Monday 15 June 2009

German Station

A lot of Germans arriving in Brisbane in the early 1800s would have travelled from the port to the German mission at what is now Nundah before moving to their eventual homes. I assumed, and several people told me, that this was the norm for German migrants. Like all things historical though, it has to be examined. And yes, I am writing fiction, but I would like it to be reasonably accurate in the historical facts.

One of my first questions was what was German Station like and would the Jaeckels have gone there?

German Station was set up as a mission station by German Lutheran missionaries in 1838. It was originally called Zion Hill (now the area of Walkers Way in Toombul) and was on a hilltop about eight kilometres north of what is now the Brisbane CBD. The missionaries were attempting to convert the local Turrbul aborigines to Christianity. In their zeal, the Reverends Carl Wilhelm Schmidt and Christoph Eipper managed to establish the first free white settlement in Queensland with 19 adults and 11 children.

Sadly for them, the mission wasn’t a huge success and the government of the day asked for it to be closed in 1846. Apparently their evangelical targets kept moving around and were hard to locate. In 1839 the penal colony closed down and the settlers lost government backup. However, they were self-sufficient farmers by that stage and were able to continue until 1846 with the formal closure of the mission.

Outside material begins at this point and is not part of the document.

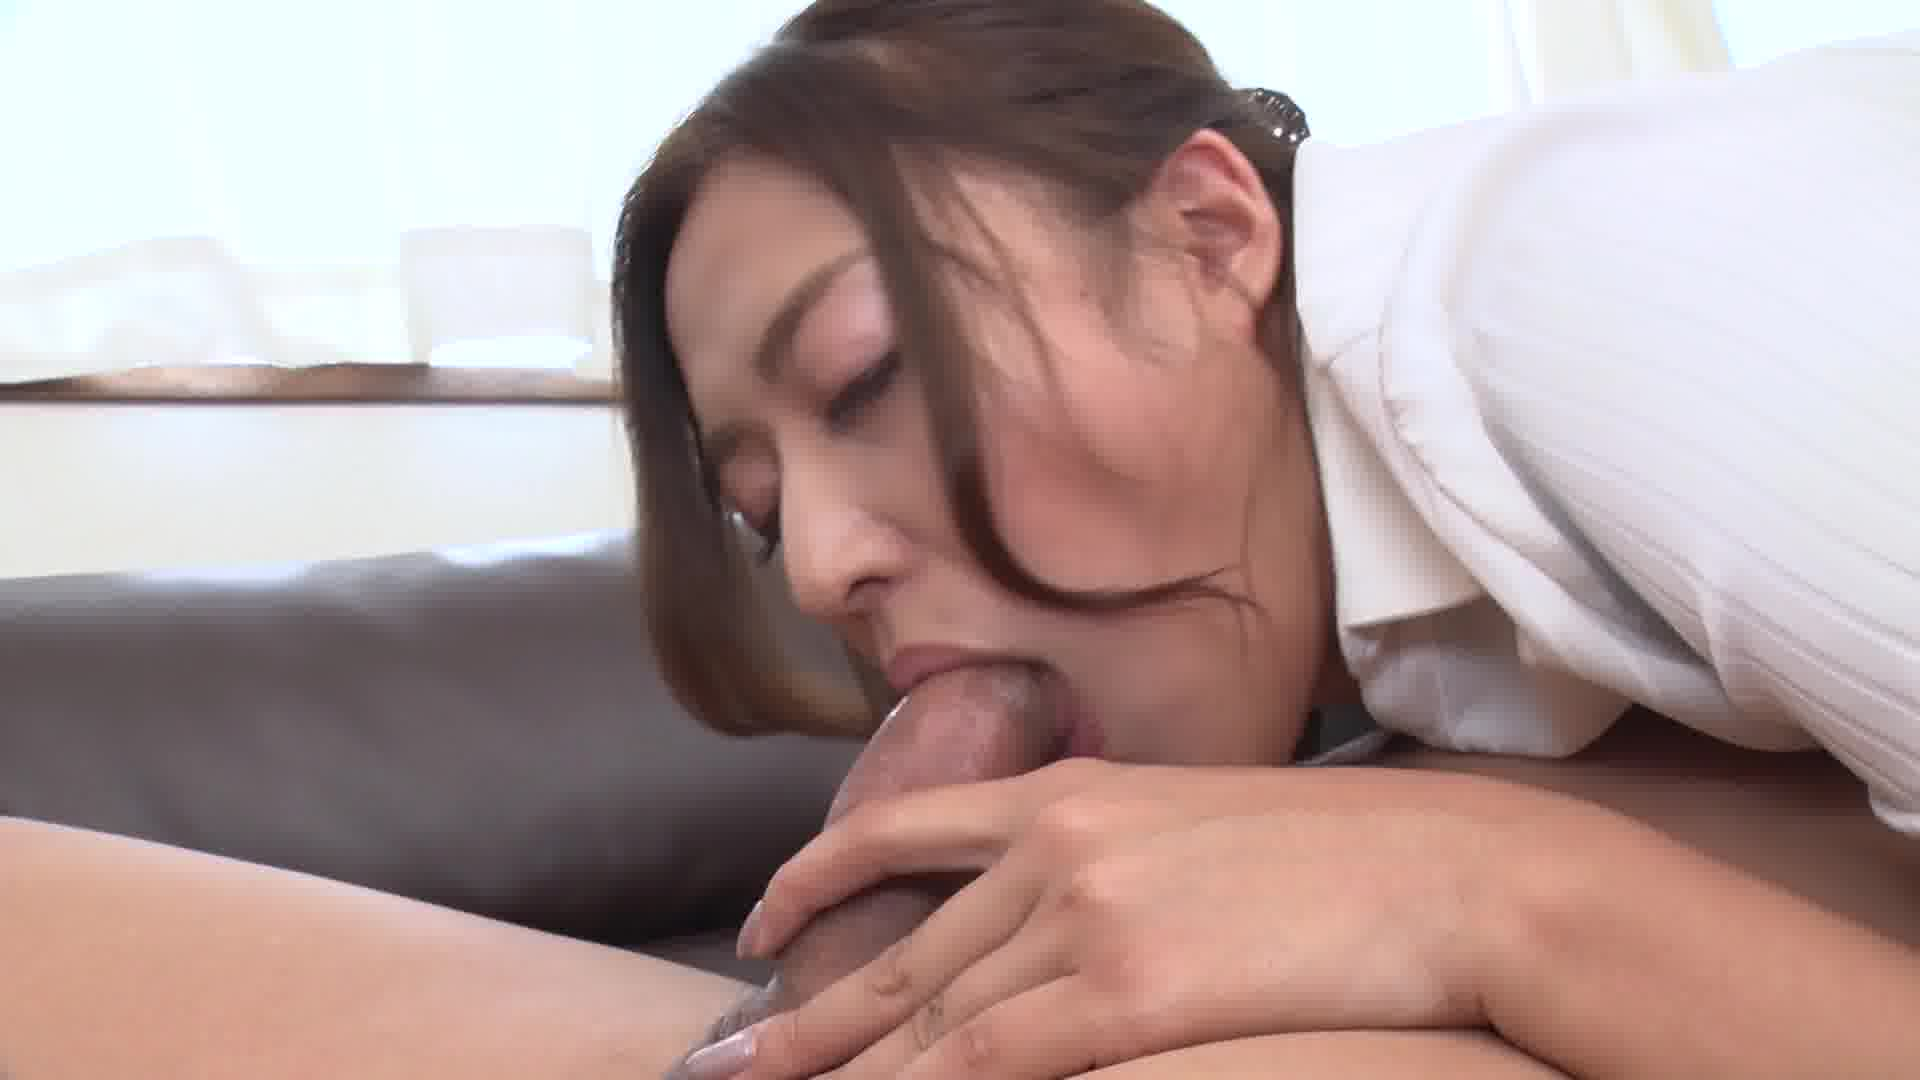 THE 未公開 〜尻コキ・尻コキ・尻コキ2〜 - 日向るな【痴女・パイパン・美尻】

Schmidt went to England on the closure of the mission and joined the London Missionary Society. He then worked in Samoa until his death in 1864. Eipper joined an exploratory trip to the Wide Bay area to find a new location for the mission before moving to Braidwood in NSW where he remained until his death in 1894. I don’t know what happened to the other missionaries, perhaps they simply stayed on, having established homes and farms. Or perhaps they moved up to Wide Bay.

Zion Hill rapidly became German Station and then became Nundah in approximately 1882. A railway station was built in 1882 and called “German” (apparently so that it wasn’t called German Station Station) but the name of the station was changed within six weeks to Nundah. The post office followed suit but the name of the state school was not changed until 1896. For many years any mention of the area referred to “Nundah (formerly German Station).”

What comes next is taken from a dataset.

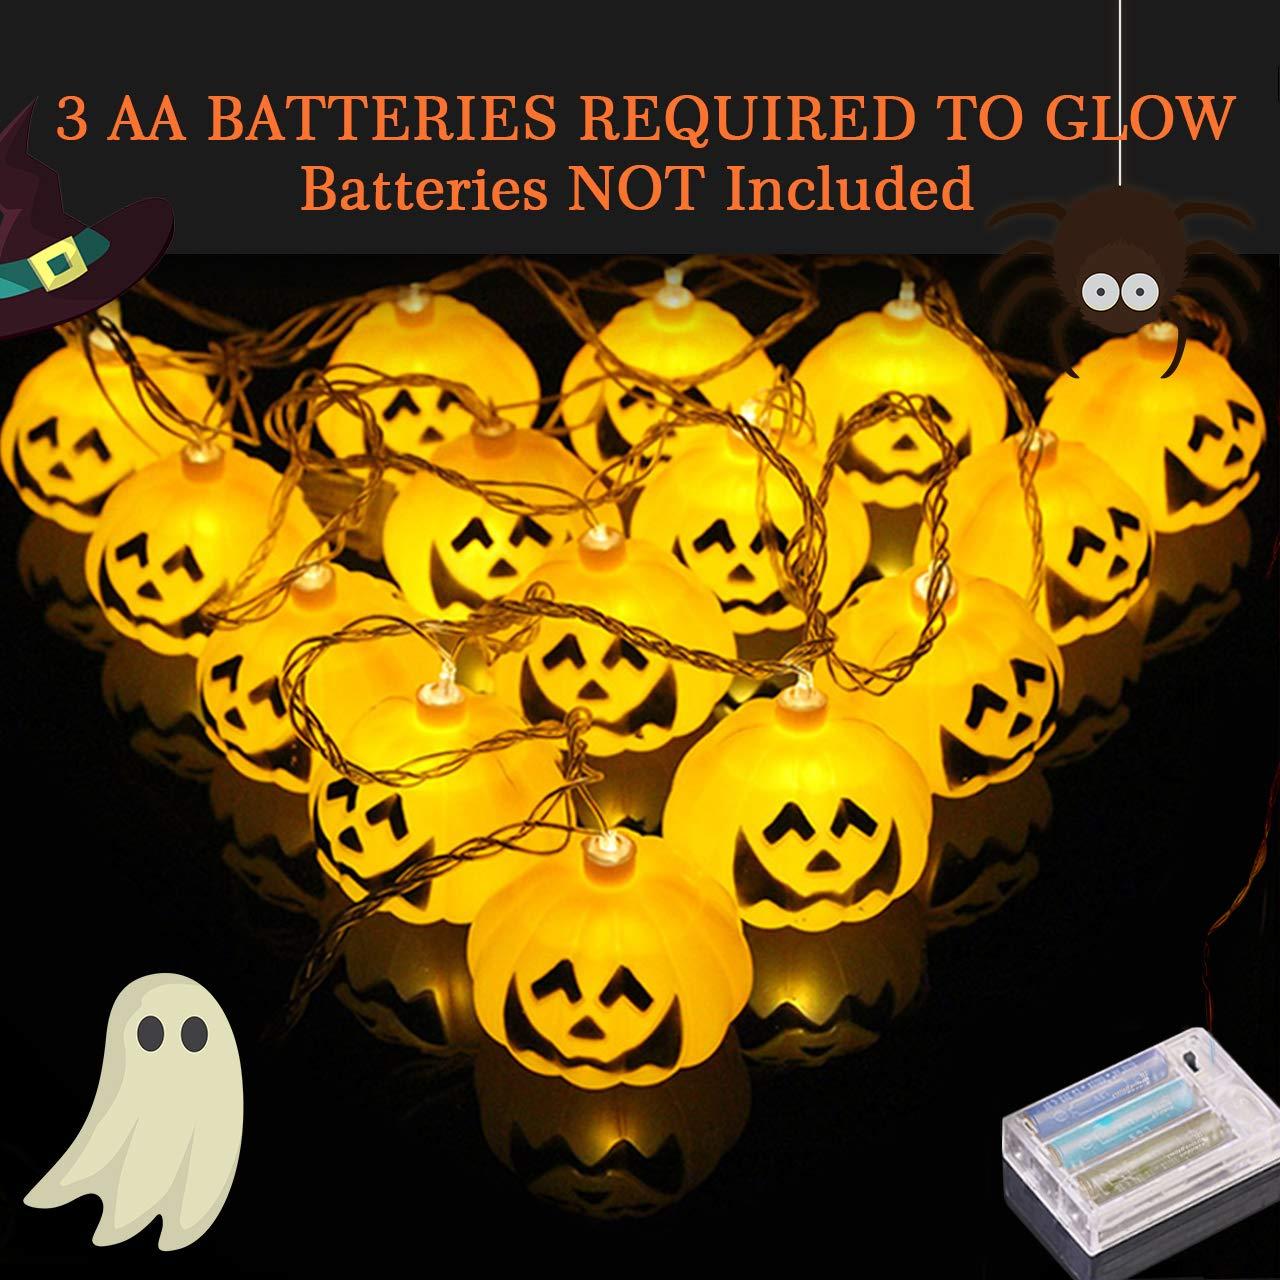 Pumpkin Lights Halloween Thanksgiving Decor Light,Halloween Thanksgiving Decorations Outdoor// Indoor 6.5 FT 20 LED Battery Powered Pumpkin String Lights Jack-O-Lantern for Party,Patio.Trick or Treat

Lots of German migrants went to German Station on arrival because they could be sure of German speakers, hospitality and advice. Even after the mission closed, there were many German settlers in the area, those who hadn’t wanted to venture too far from a relative comfort zone.

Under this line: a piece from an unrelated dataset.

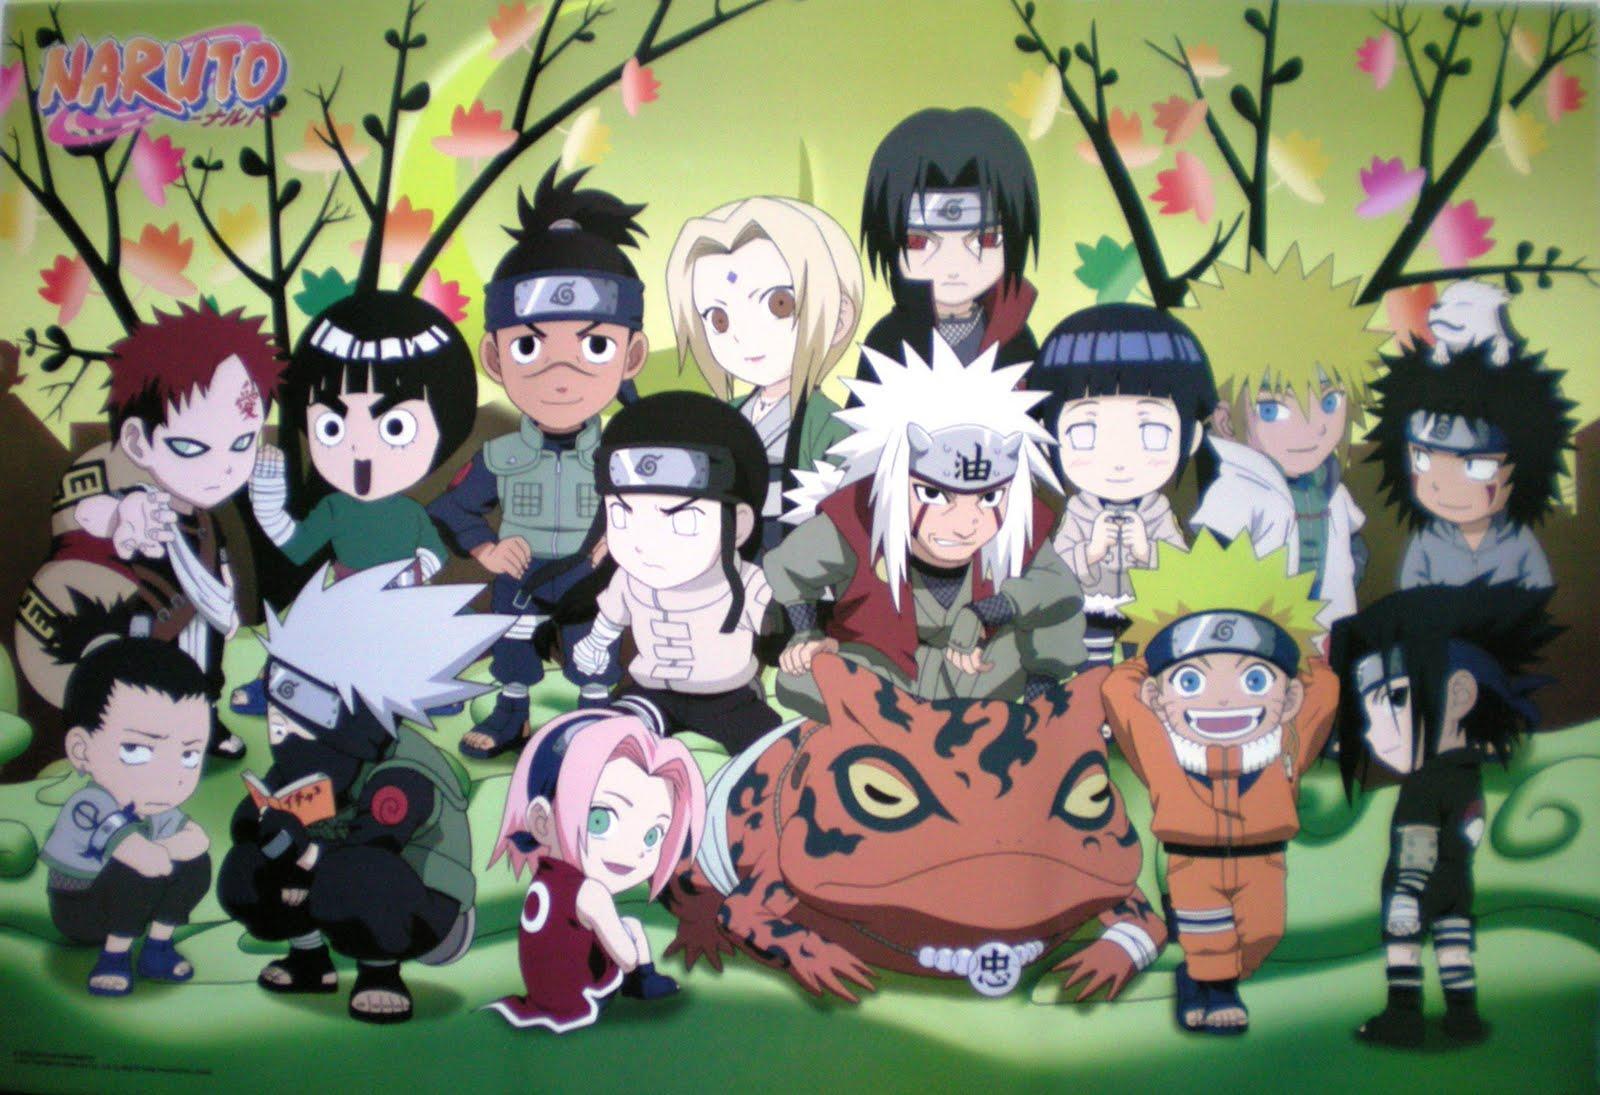 Naruto Shipuden Chibi Group Wallpaper 1600x1095

So the answer to my question is that the Jaeckels might have gone there, but that it wasn’t a necessary step. The actual mission had closed down by the time the Jaeckels would have arrived (1866) but there were German-speaking support services available. Some German migrants started out there, others didn’t. If people were confident free settlers who wanted to immediately take up land, they could pick a direction and set out.